Example Model Arrangements
[59] Figure 2 depicts a block diagram of an example computing system 200 according to example embodiments of the present disclosure. In some implementations, the computing system 200 receives an input image 205 of traditional handwriting, such as an image of handwriting on a piece of paper, a dry erase board, a black board, or another writing medium.
[60] The input image 205 is provided to handwriting recognition models 210, which are stored in a memory of the computing system 200. The handwriting recognition models 210 can perform image recognition tasks to recognize characters and/or words in the input image 205. This can be accomplished in one or more ways. In one embodiment, the handwriting models 210 can generate a Unicode representation of the one or more characters that are recognized.
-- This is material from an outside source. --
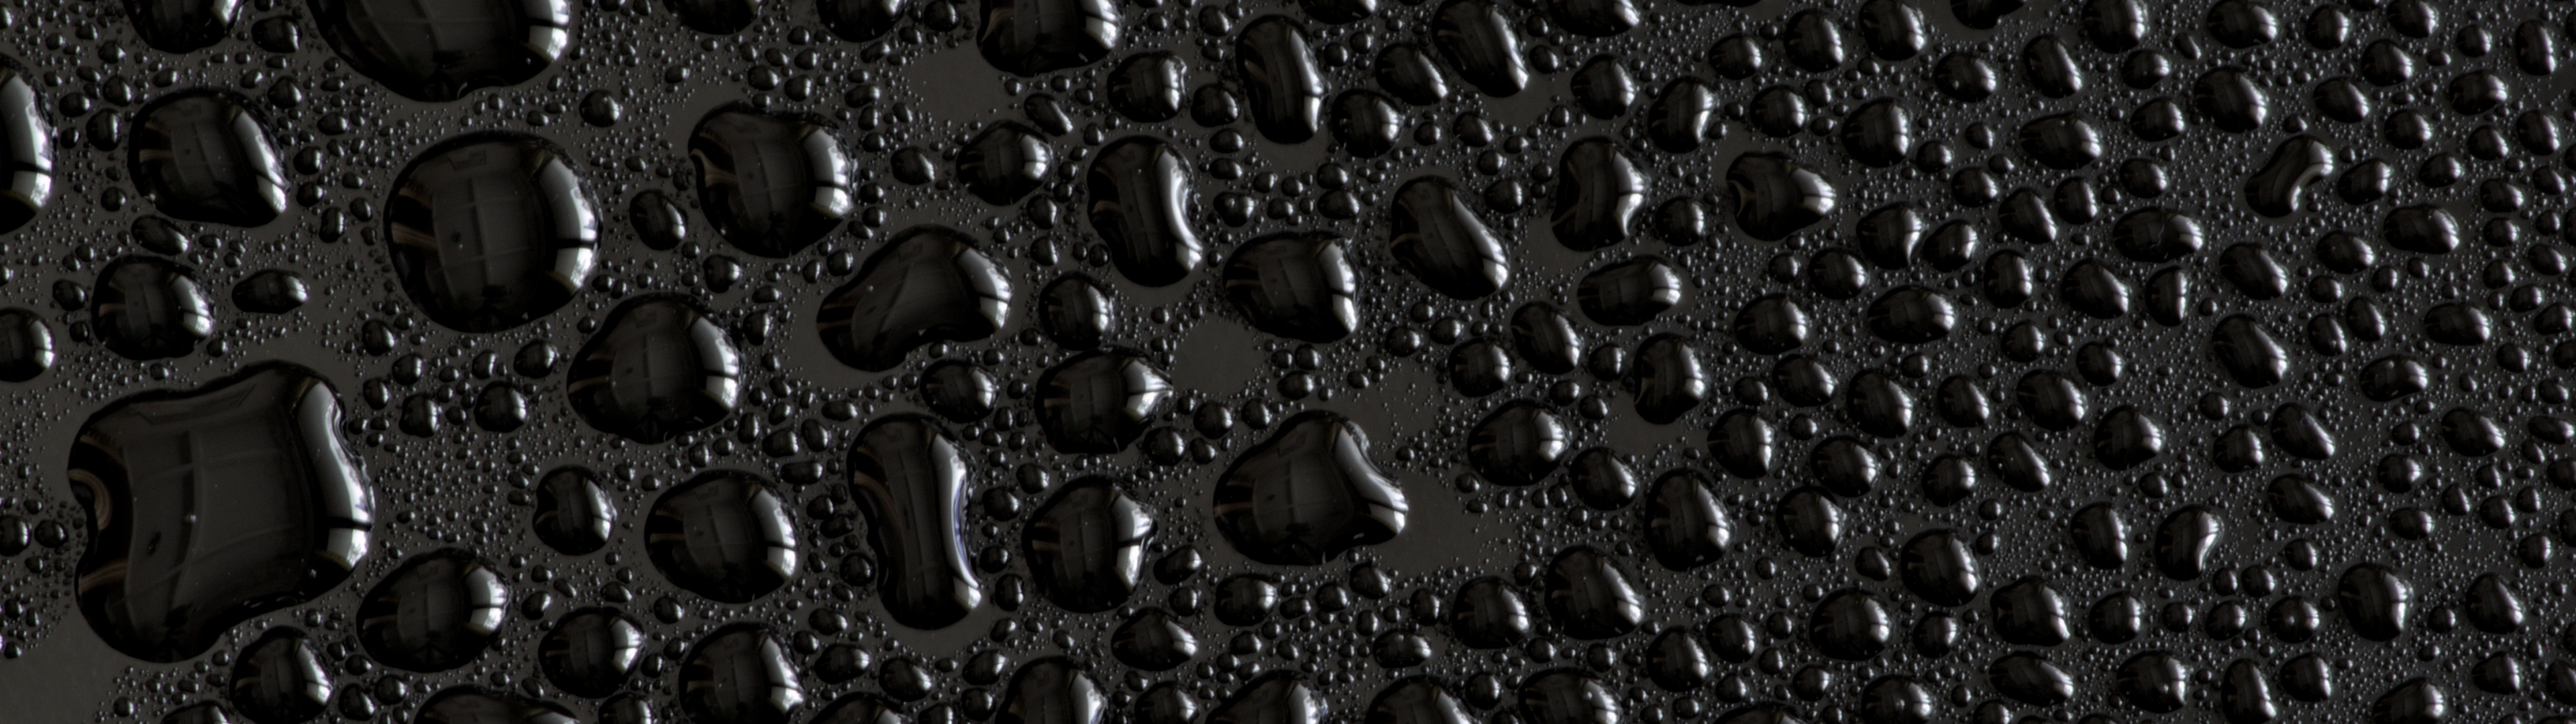 Water droplets Wallpaper 4K, Black background, Photography, #5488

This Unicode representation can be provided to a first model, such as a synthetic handwriting model 215, of the handwriting recognition models 210, which can then output strokes, or data that represent x-y coordinates of a writing utensil (traditional or digital) over time, that represent the handwriting in a space, where the strokes are determined based on the Unicode representation of the handwriting. The synthetic handwriting model 215 can also generate a style for the handwriting based on style characteristics identified by the handwriting recognition models 210 and/or the synthetic handwriting model 215. Any visual representation of the handwriting can be generated using the identified style characteristics and future digital writings that are added into the handwriting (or modifications made to the handwriting) can also take on these style characteristics. For example, if a user is copying over a recipe from a notebook that is in the handwriting and style of a grandmother or other particular person, the user may take additional notes on a software application that can process digital handwriting to augment or make additional notes for the recipe. The output additional writing (augmentations or additional notes) can therefore be made in the handwriting and style of the grandmother or other particular person, which allows the additional handwriting to appear as if it was made by the grandmother or particular person. Thus, the original handwriting is preserved and any additional handwriting or changes can be made to appear as if the original writer made them, which can preserve sentimental value associated with the original handwriting even as it is moved into digital handwriting.
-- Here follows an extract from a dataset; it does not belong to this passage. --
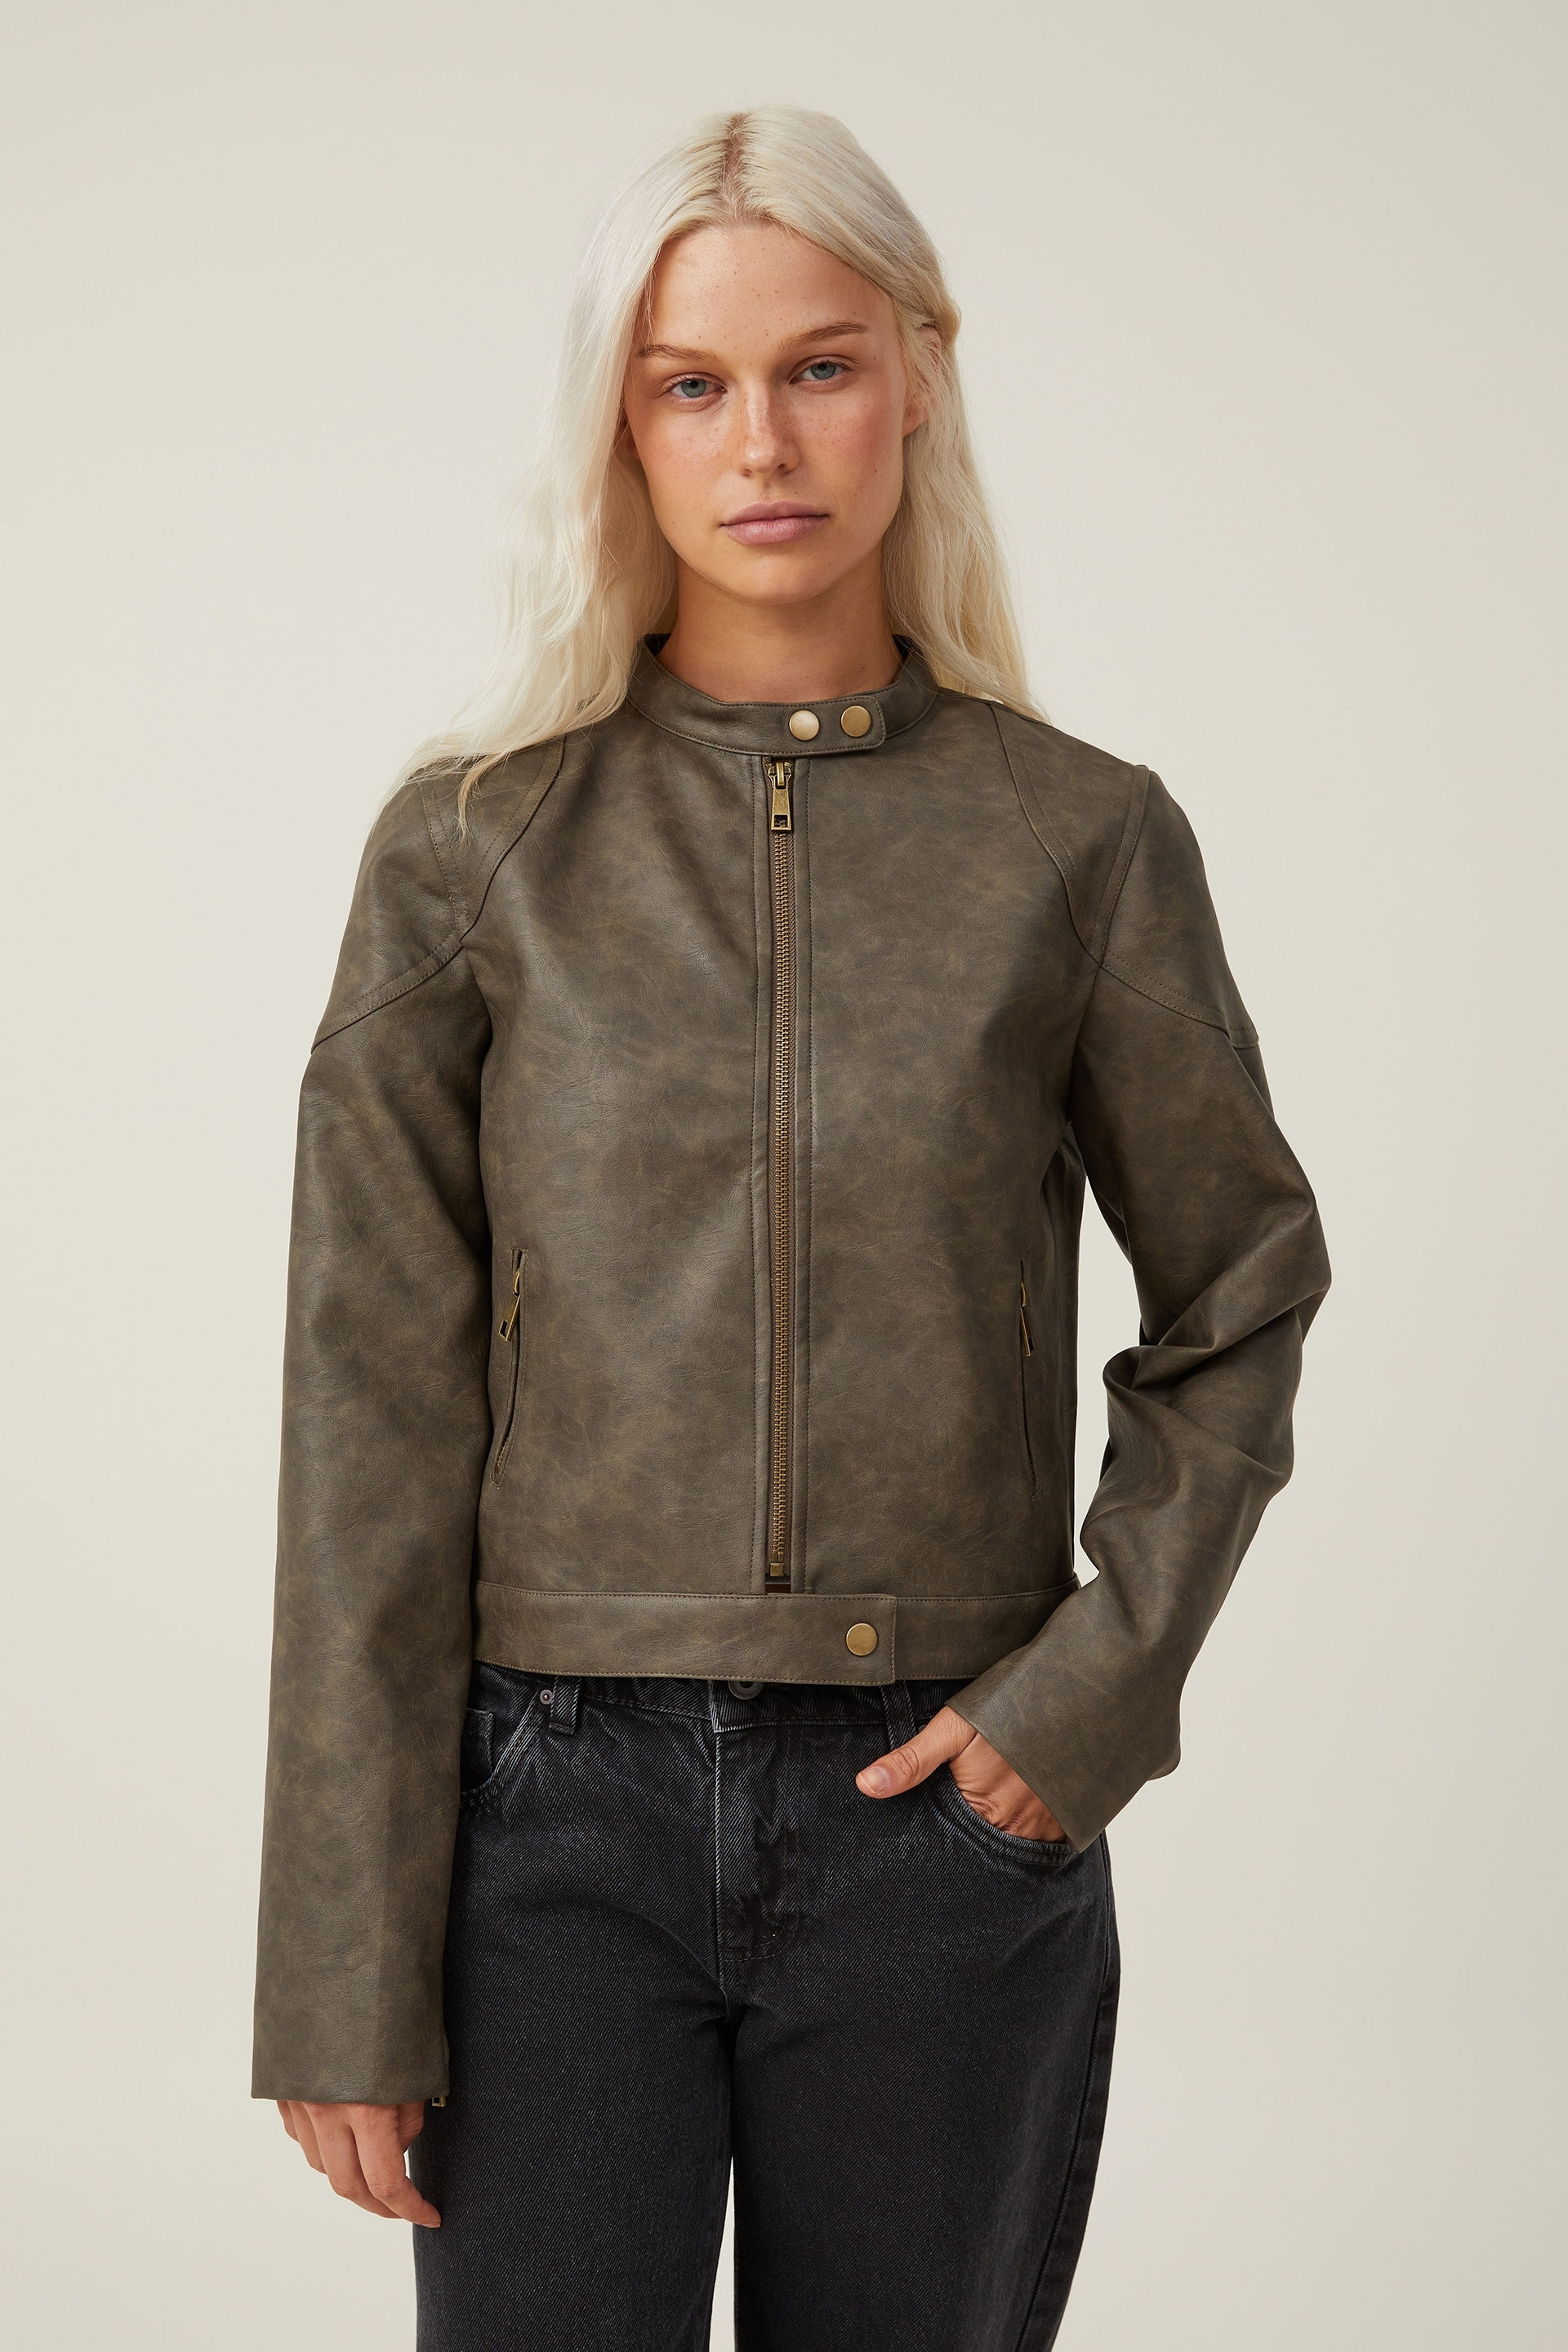 Cotton on Women - Faux Leather Bomber Jacket - Washed Brown

[61] The generated strokes can then be provided to a note-taking application 220, which can generate a visual representation of the handwriting 225 for display on the computing system 200 to the user based on the received x-y coordinates and any style characteristics received from the synthetic handwriting model 215. The note-taking application 220 is representative of any other number of software applications that can process digital handwriting, such as word processing applications, Portable Document Format applications, digital art applications, and the like.
[62] In another embodiment, the handwriting recognition models 210 can perform image recognition on the image to identify pixels representing one or more characters in the image. The identified pixels can then be provided to a first model of the handwriting recognition models, such as the synthetic handwriting model 215. The synthetic handwriting model 215 can then output strokes, which are determined based on the identified pixels in the image. The strokes can then be provided to the note-taking application 220, which in turn can generate the visual representation of the handwriting 225 using the strokes as described above.
[63] In some embodiments, the synthetic handwriting model 215 can be used to generate the visual representation 225 of the handw riting, and can provide the visual representation 225 of the handw riting to the note-taking application 220 for display.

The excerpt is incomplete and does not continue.